Summary of the Offering

This summary is to assist your understanding of the offer.  To be certain you
have a full understanding of the risks of this investment, you must carefully
review the entire document, including the appendixes.

The Fund

TriView Global Fund, LLC:

*  is a Delaware limited liability company organized on October 1, 2004

*  maintains its main business office at 5914 N. 300 West, P. O. Box C,
Fremont, Indiana 46737, (260) 833-1306 with duplicate copies of its financial
records kept with Michael J. Liccar & Co., Certified  Public  Accountants, 53
West Jackson Boulevard, Suite 1250, Chicago, Illinois 60604, (312) 922-6600

*  is operated pursuant to a LLC Operating Agreement which is included as
Appendix A

*  is managed and controlled by TriView Capital Management, Inc., a Delaware
corporation, and Michael Pacult, the sole owner and principal of TriView
Capital, both of which are collectively referred to as the managing member.

The managing member employs independent professional trading managers called
commodity trading advisors to select trades for the Fund.

Description of Securities Offered for Sale

We are offering a minimum of $900,000 and a maximum of $50,000,000 in units
of membership interest at a value per unit that is initially established by
the managing member at $1,000.  After we commence business, units will be
offered at the month end net asset value per membership interest, which
reflects trading profits, losses and expenses.
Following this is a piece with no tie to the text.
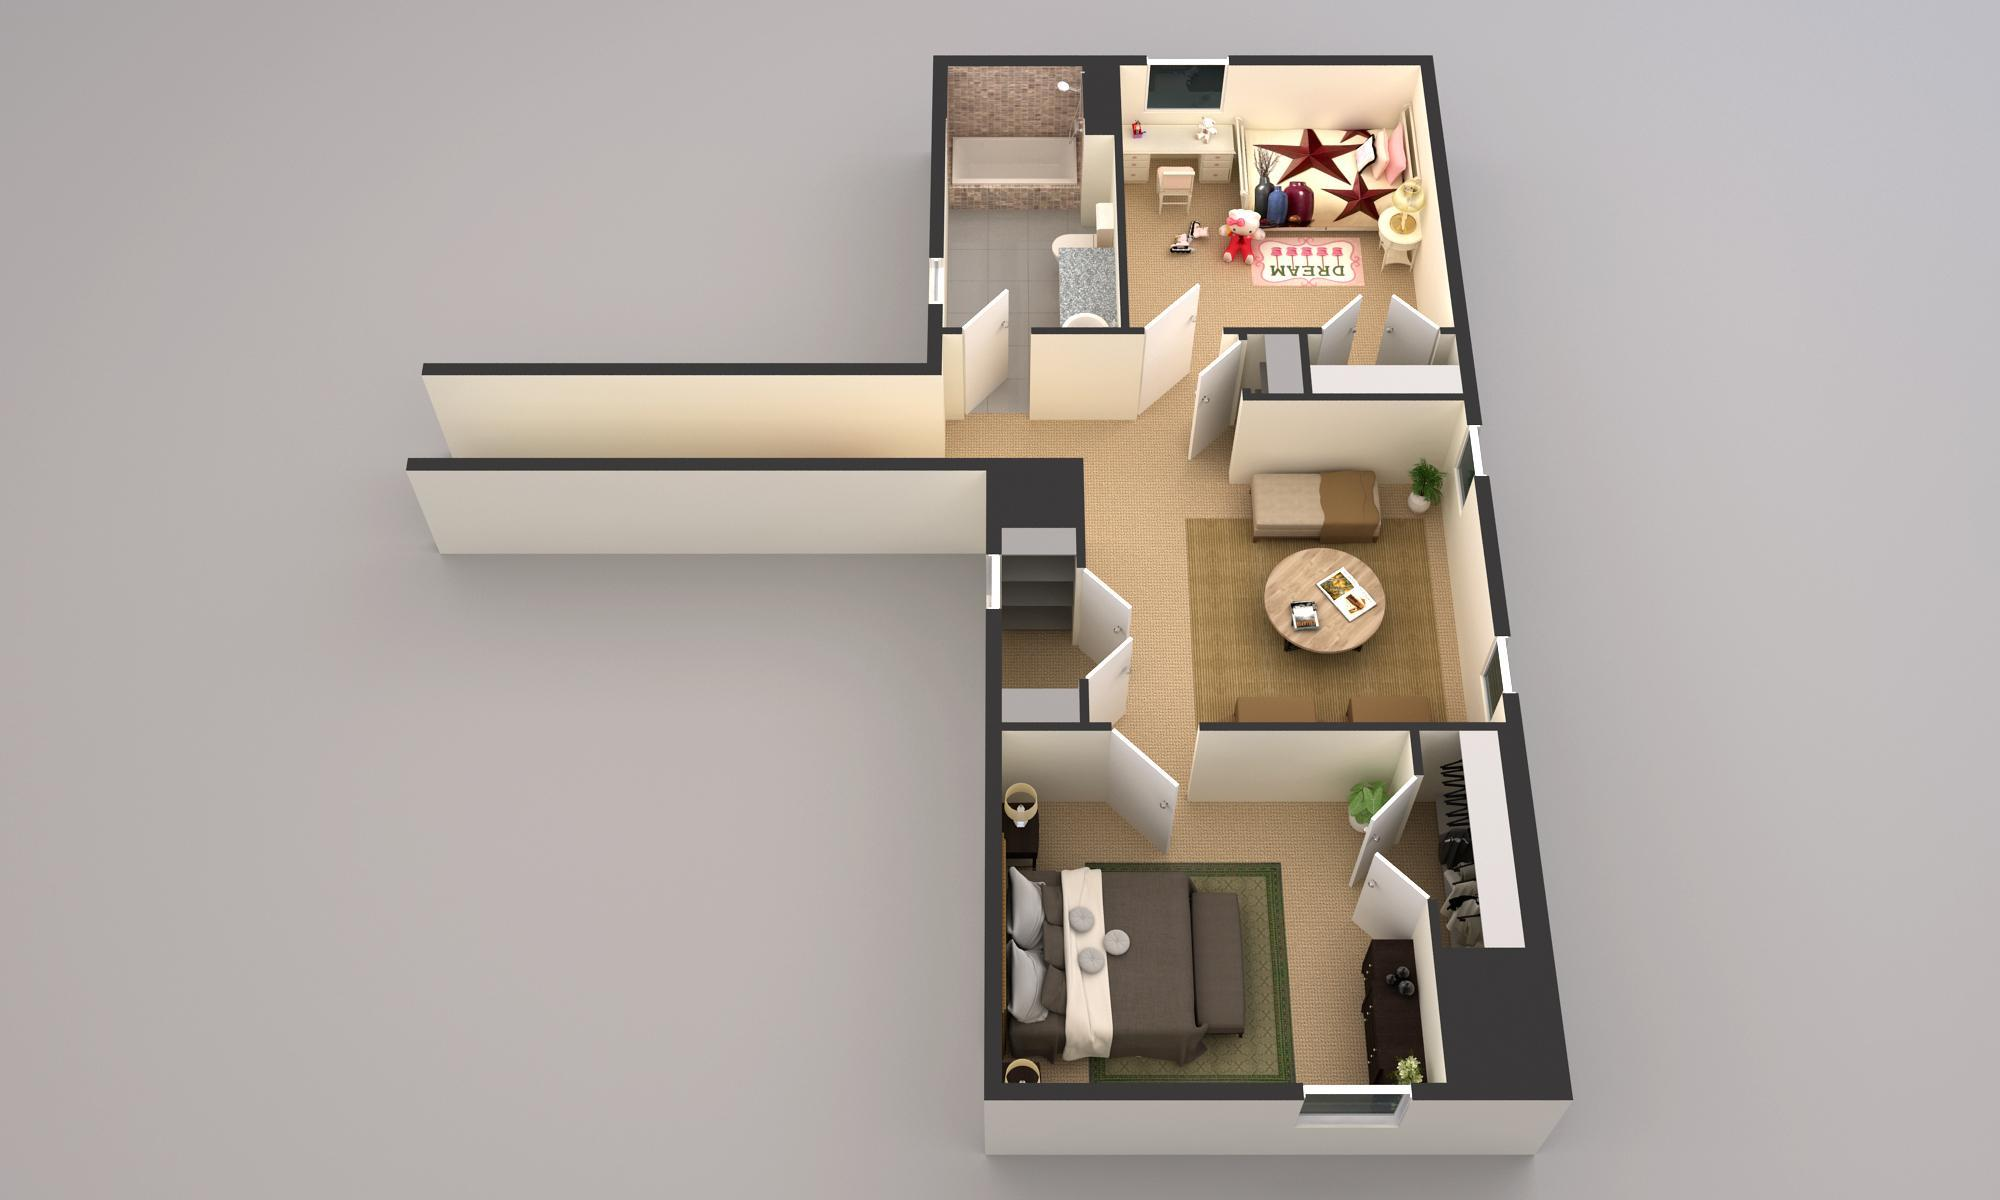 http://partners-dynamic.bdxcdn.com/Images/Homes/GoodallHomebuilder/max1500_27738859-181114.jpg

Plan For Sale of Membership interests

All sales will be made through broker dealers that will use their best
efforts, which means they will try, but not guarantee, to sell the membership
interests.

All subscriptions accepted by the managing member will be placed in an
depository account maintained at Star Financial Bank, Angola, IN until the
minimum, $900,000 is sold.  Neither the managing member nor its affiliates
may purchase membership interests to meet the minimum.  If the minimum is
sold, the depository account will be distributed into accounts in the name of
the Fund.  Interest accrued on your subscription amount will be used to buy
additional membership interests for you.  If the minimum is not sold after
one year from the date of this prospectus, the managing member has directed
the bank to within five days return your original investment, with any
interest accrued and without any deduction for any expenses.
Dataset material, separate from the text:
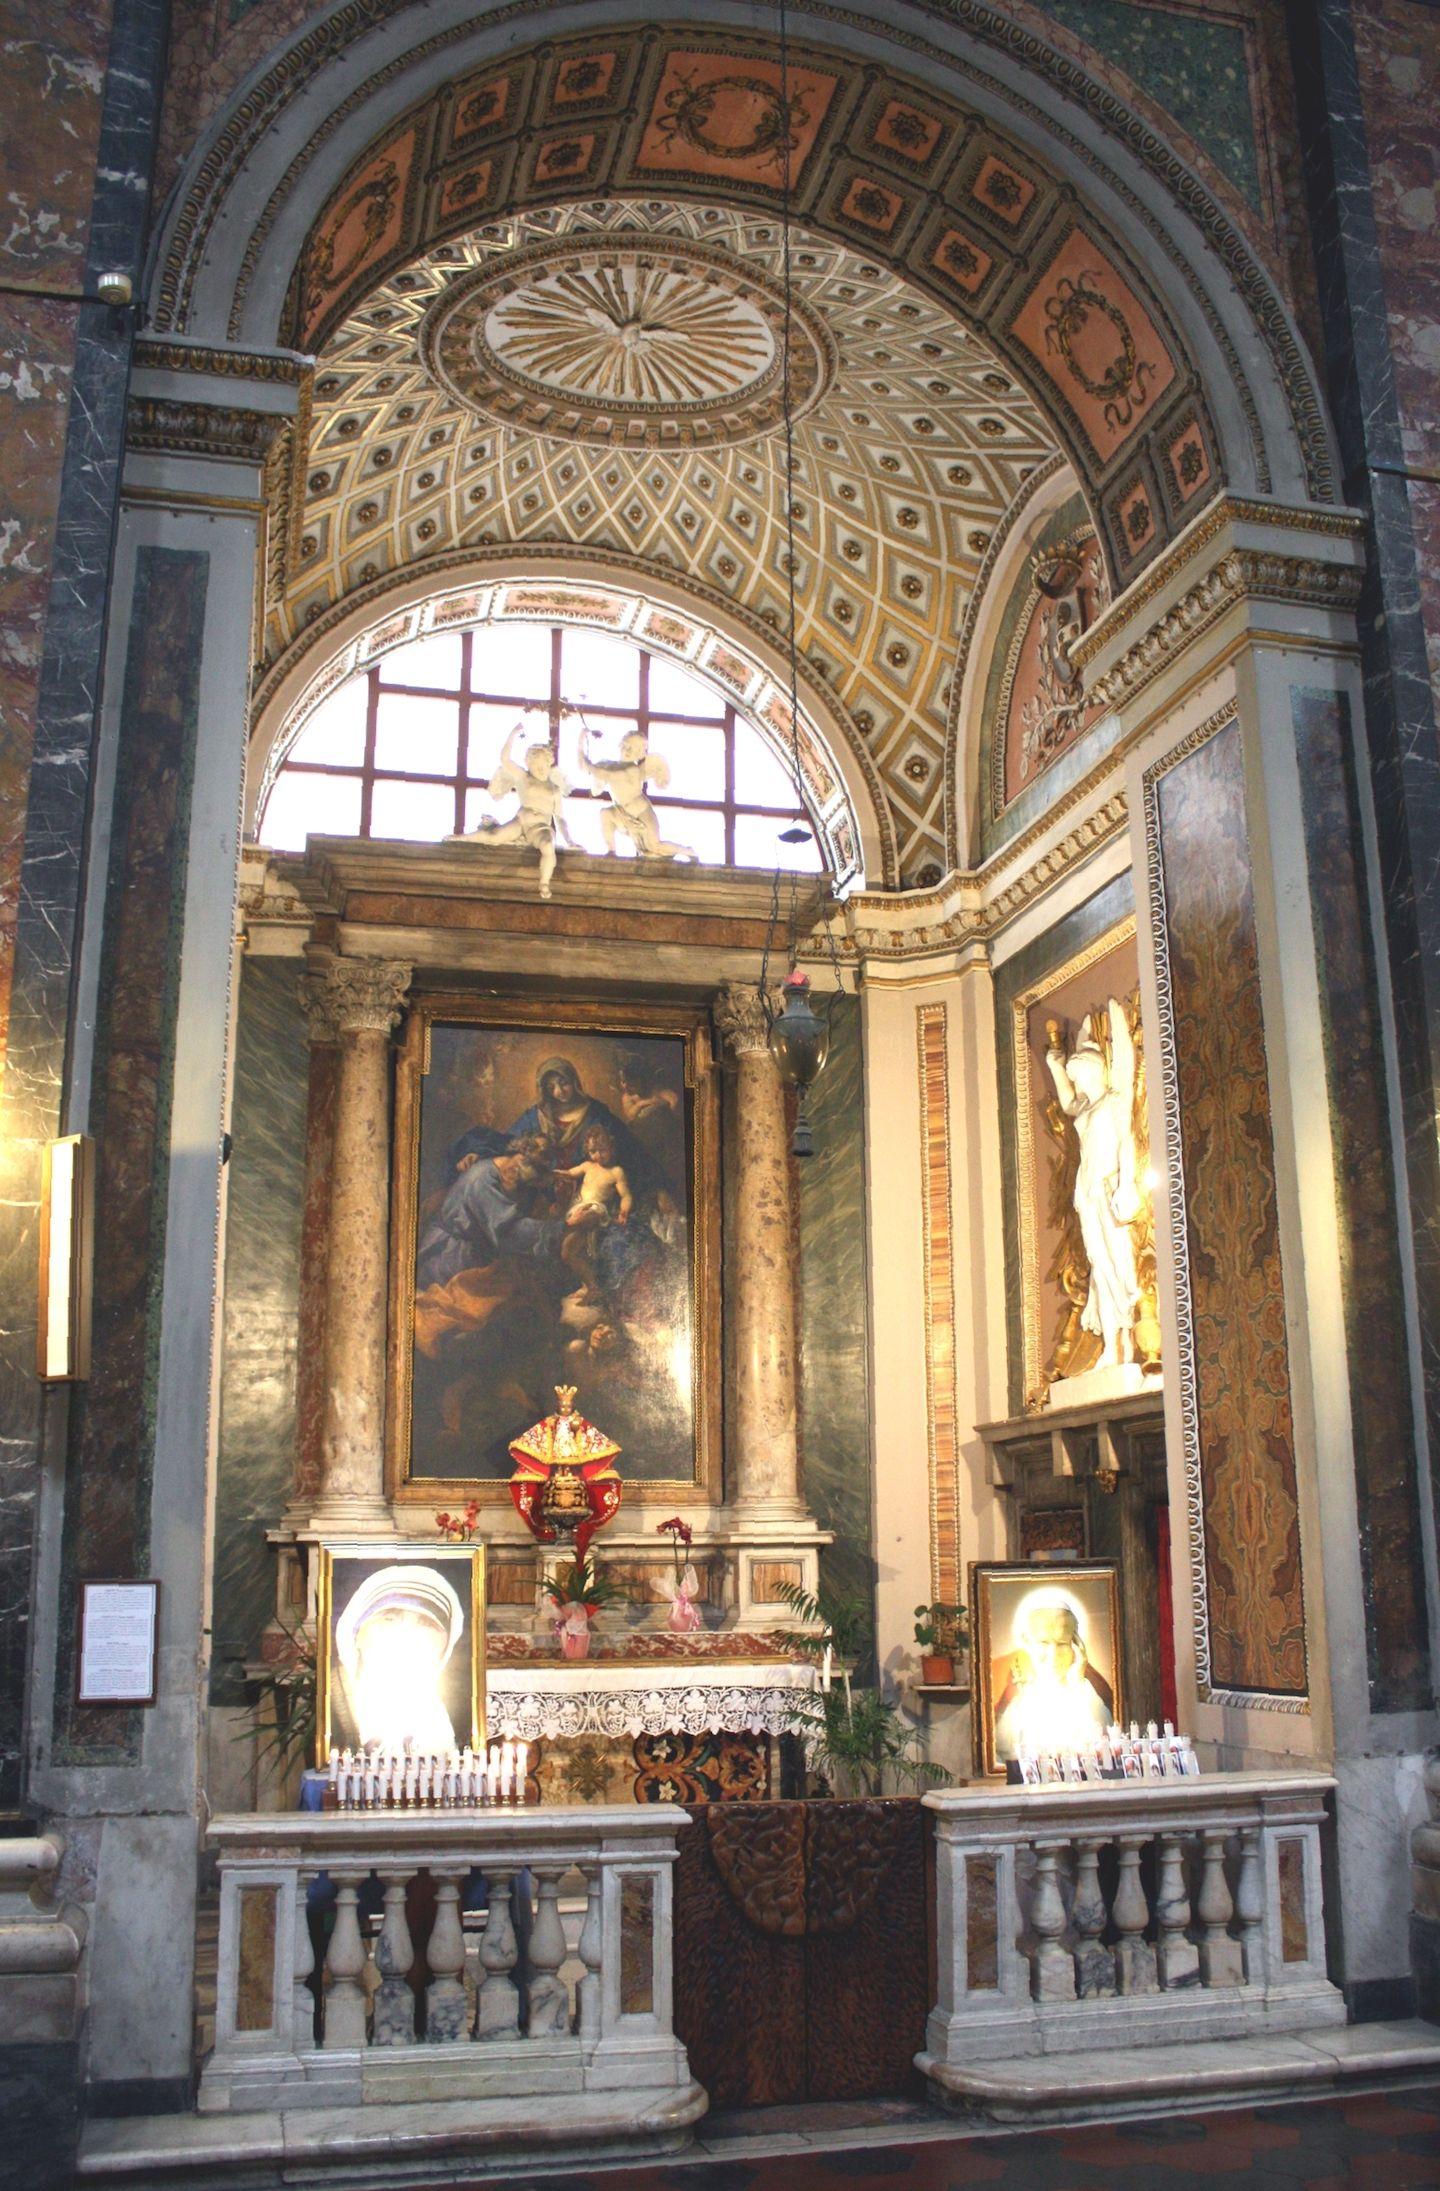 Gesu e maria rome chapel of st joseph the altarpiece

This offering will continue until the maximum of $50,000,000 is sold.  The
managing member may terminate this offering at any time.

Subscription Procedure

To purchase membership interests, you must:

*  complete and execute a subscription agreement (Appendix D), and deliver
your executed subscription documents and check for your investment, which
should be made payable to "Star Bank for the acct. of TriView Fund"
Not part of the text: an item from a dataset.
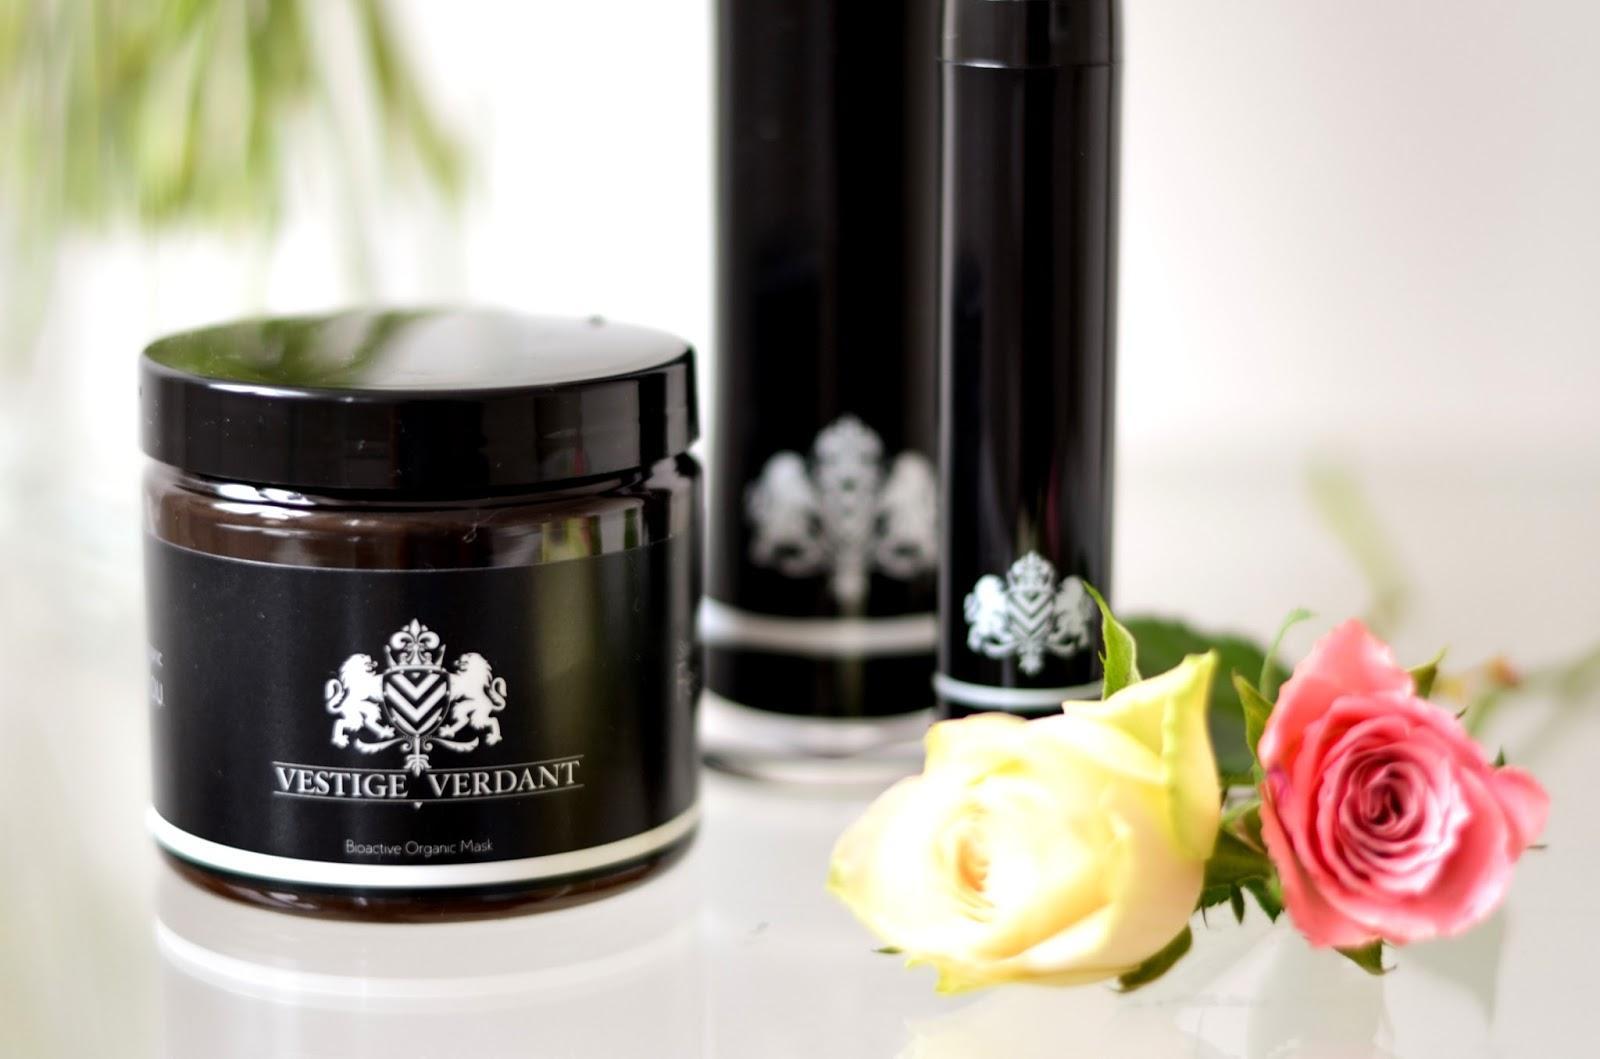 vestige verdant luxury organic skincare organic face mask

*  make representations and warranties in the Subscription Agreement related
to your suitability to purchase the membership interests.

*  grant a Power of Attorney to the managing member to take all actions
necessary to admit you as a member to the Fund.

*  pay for at least $25,000 in membership interests, though the managing
member may reduce this amount to not less than $5,000.

And you must have:

*  the minimum net worth and income provided in the State of your residence,
if it is listed, at the front of this prospectus

*  or, one of the following:

  *  a minimum net worth, exclusive of your home, home furnishings and
automobiles, of $150,000, or

  *  a minimum annual gross income of $45,000 and a minimum net worth of
$45,000, both exclusive of your home, home furnishings and automobiles.

These suitability standards are, in each case, regulatory minimums only, and
merely because you meet such standards do not mean that an investment in the
membership interests is suitable for you. You may not invest more than 10% of
your net worth, exclusive of home, furnishings and automobiles, in the Fund.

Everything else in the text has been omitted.